#### Given data ####

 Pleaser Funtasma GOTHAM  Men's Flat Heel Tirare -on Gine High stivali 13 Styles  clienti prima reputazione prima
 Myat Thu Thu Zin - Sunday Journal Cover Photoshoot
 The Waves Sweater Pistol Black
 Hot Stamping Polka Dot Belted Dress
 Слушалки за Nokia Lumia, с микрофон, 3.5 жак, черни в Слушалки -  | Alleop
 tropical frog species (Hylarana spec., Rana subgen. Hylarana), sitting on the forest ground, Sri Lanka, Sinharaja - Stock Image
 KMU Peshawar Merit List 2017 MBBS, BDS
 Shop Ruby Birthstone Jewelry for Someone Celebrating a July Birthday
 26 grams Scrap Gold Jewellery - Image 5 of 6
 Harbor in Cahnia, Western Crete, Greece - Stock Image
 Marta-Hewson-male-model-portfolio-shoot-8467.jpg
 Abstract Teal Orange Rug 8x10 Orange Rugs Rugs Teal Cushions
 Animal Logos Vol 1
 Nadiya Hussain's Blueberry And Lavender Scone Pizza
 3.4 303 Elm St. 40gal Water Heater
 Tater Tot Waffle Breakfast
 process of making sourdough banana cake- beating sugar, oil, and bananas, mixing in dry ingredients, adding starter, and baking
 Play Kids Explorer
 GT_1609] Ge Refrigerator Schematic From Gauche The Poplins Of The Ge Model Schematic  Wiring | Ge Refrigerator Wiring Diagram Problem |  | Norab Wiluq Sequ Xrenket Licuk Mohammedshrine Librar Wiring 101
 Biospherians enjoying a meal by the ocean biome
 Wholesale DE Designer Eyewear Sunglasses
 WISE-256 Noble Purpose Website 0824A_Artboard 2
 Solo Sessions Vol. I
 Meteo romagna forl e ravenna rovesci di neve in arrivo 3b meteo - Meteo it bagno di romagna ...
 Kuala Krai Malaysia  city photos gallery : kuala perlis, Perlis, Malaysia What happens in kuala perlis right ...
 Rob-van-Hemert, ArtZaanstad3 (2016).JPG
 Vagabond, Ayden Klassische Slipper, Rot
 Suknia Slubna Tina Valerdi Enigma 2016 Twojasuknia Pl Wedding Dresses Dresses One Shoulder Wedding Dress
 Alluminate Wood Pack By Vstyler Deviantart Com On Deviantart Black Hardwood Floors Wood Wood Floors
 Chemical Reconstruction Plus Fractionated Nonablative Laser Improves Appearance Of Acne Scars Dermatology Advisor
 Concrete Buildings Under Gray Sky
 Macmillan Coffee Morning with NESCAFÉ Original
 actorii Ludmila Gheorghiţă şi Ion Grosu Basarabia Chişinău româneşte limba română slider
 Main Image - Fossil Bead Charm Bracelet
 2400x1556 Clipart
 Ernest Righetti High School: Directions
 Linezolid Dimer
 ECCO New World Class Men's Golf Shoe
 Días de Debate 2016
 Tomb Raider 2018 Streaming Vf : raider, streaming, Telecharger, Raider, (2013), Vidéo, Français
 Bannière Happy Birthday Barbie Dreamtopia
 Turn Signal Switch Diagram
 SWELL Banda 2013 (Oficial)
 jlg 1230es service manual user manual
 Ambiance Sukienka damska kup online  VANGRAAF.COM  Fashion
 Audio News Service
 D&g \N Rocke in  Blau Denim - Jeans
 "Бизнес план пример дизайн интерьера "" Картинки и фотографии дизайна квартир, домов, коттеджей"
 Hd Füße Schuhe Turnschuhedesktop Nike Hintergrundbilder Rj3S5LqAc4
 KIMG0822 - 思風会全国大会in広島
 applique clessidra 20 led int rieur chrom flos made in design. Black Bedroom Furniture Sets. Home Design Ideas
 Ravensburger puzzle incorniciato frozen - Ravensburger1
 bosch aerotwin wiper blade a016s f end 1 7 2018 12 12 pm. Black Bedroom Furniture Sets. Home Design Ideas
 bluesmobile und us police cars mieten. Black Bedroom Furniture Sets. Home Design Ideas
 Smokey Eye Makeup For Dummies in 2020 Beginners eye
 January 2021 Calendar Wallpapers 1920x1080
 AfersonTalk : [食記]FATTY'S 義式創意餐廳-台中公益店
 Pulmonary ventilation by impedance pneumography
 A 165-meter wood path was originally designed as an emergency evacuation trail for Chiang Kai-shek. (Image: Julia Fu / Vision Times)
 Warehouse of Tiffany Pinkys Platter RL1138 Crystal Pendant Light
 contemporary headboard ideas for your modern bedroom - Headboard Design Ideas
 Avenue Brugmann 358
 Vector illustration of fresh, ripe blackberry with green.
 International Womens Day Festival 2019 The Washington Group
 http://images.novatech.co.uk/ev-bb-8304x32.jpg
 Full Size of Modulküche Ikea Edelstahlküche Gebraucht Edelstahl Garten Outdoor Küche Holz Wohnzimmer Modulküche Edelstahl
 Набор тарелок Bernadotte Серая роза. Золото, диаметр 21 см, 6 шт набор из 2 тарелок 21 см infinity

####

• _Exercise_: Quote the data above verbatim from its first line to the line that includes "Слушалки за Nokia", with both boundary lines retained.

• _Exercise solution_:
 Pleaser Funtasma GOTHAM  Men's Flat Heel Tirare -on Gine High stivali 13 Styles  clienti prima reputazione prima
 Myat Thu Thu Zin - Sunday Journal Cover Photoshoot
 The Waves Sweater Pistol Black
 Hot Stamping Polka Dot Belted Dress
 Слушалки за Nokia Lumia, с микрофон, 3.5 жак, черни в Слушалки -  | Alleop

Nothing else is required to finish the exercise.